** Opening Excerpted records block **

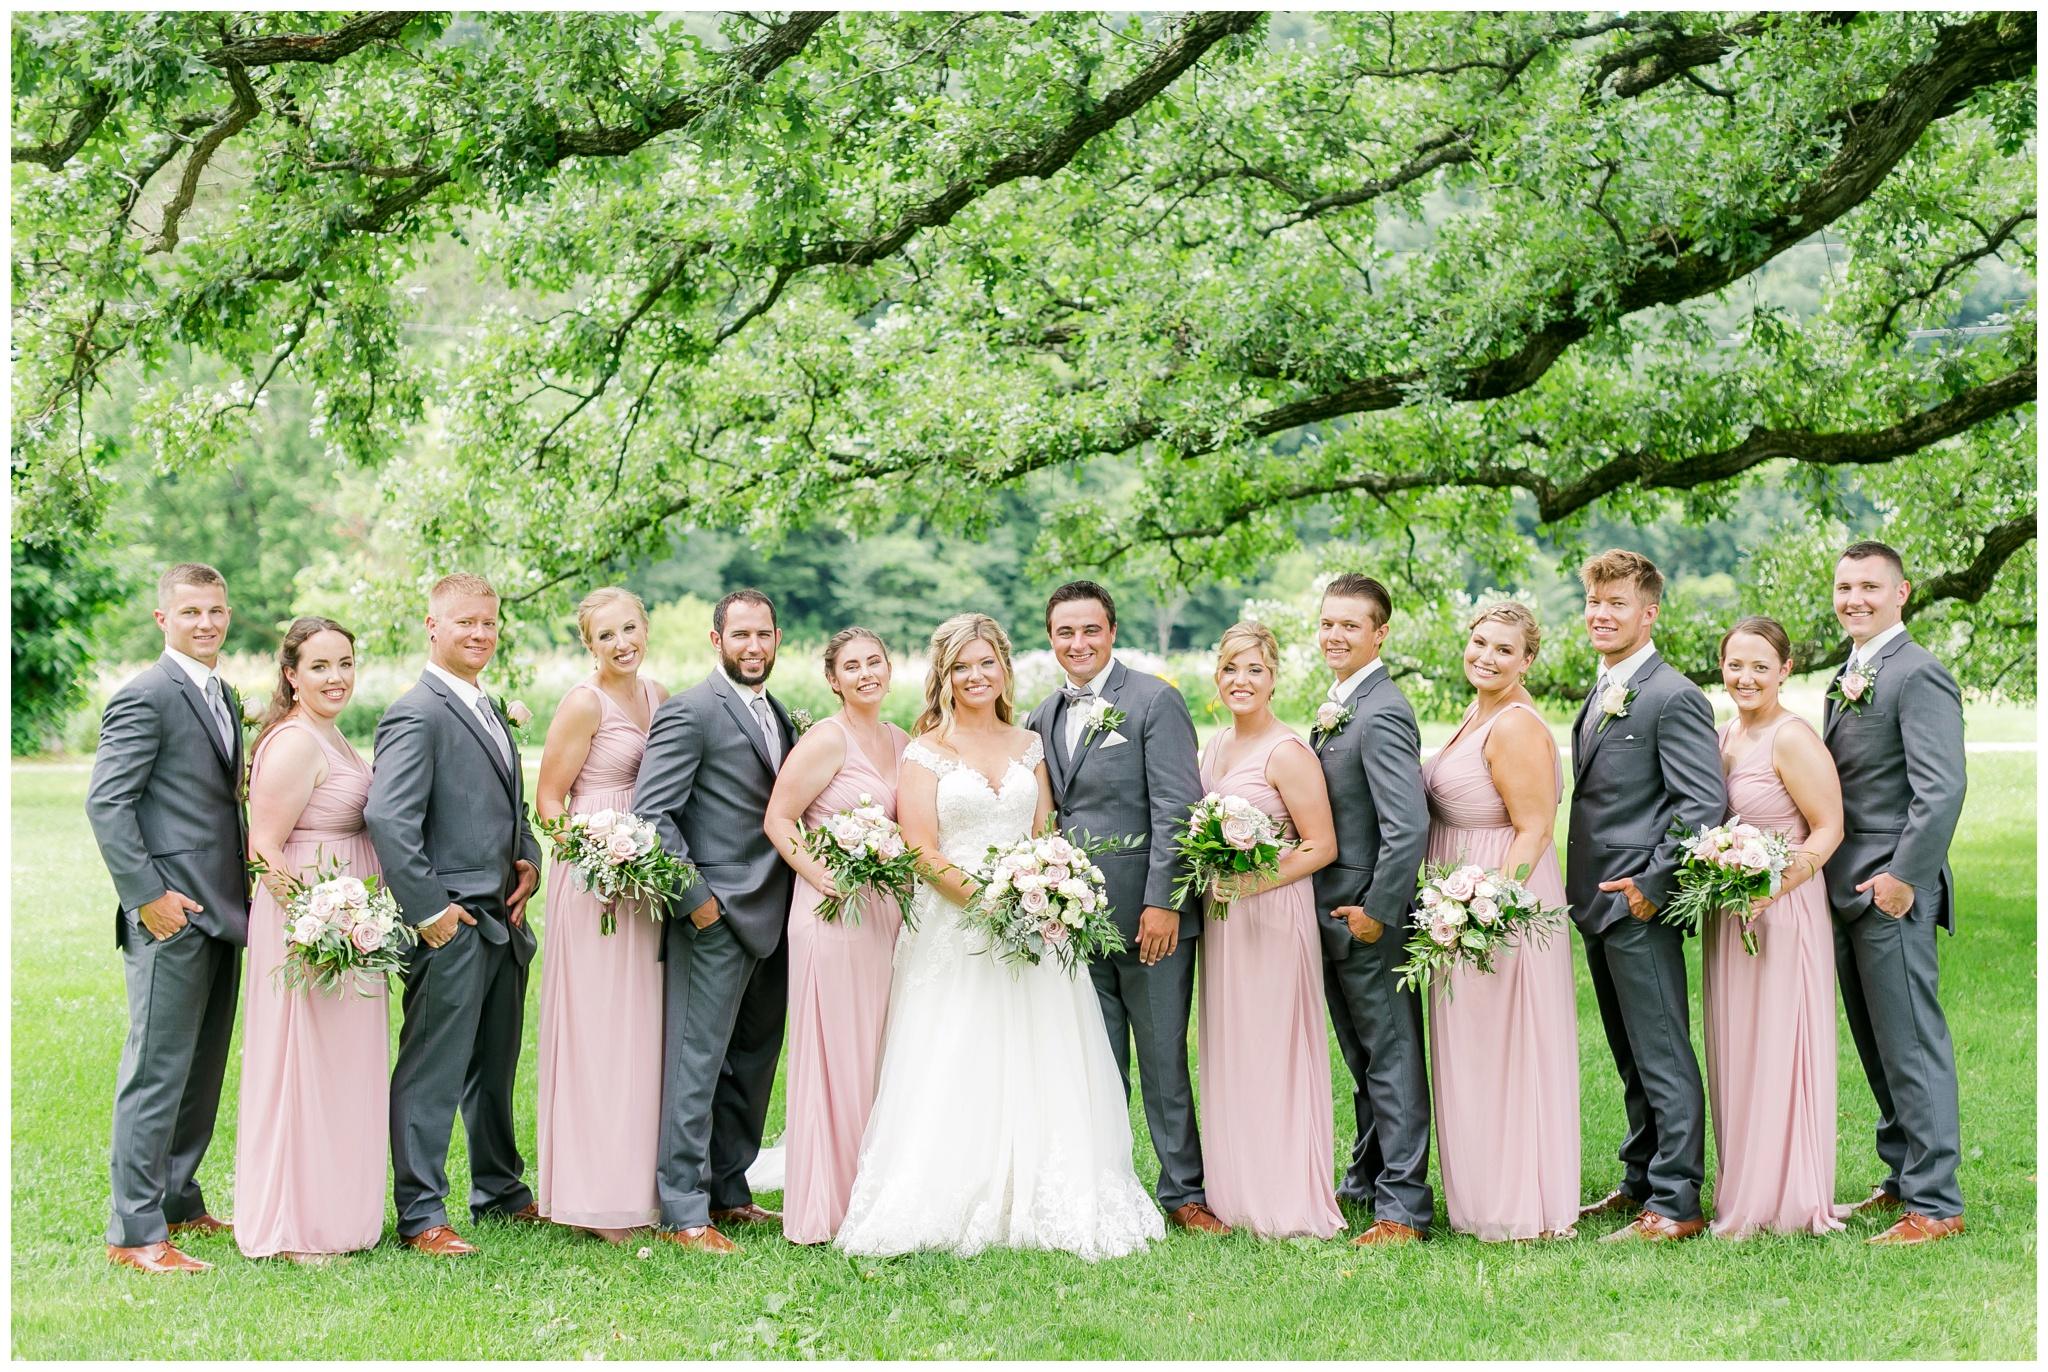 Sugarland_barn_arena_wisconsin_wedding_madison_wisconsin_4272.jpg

** Closing Excerpted records block **
** Opening Excerpted records block **

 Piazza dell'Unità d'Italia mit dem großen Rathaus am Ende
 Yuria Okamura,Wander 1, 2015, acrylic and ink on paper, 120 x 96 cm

** Closing Excerpted records block **

Task to complete: Return, word for word, the lines of the data above from the line with "Piazza dell'Unità d'Italia" through the line with "Yuria Okamura,Wander 1, 2015, acrylic", inclusive.

Answer to this task:
 Piazza dell'Unità d'Italia mit dem großen Rathaus am Ende
 Yuria Okamura,Wander 1, 2015, acrylic and ink on paper, 120 x 96 cm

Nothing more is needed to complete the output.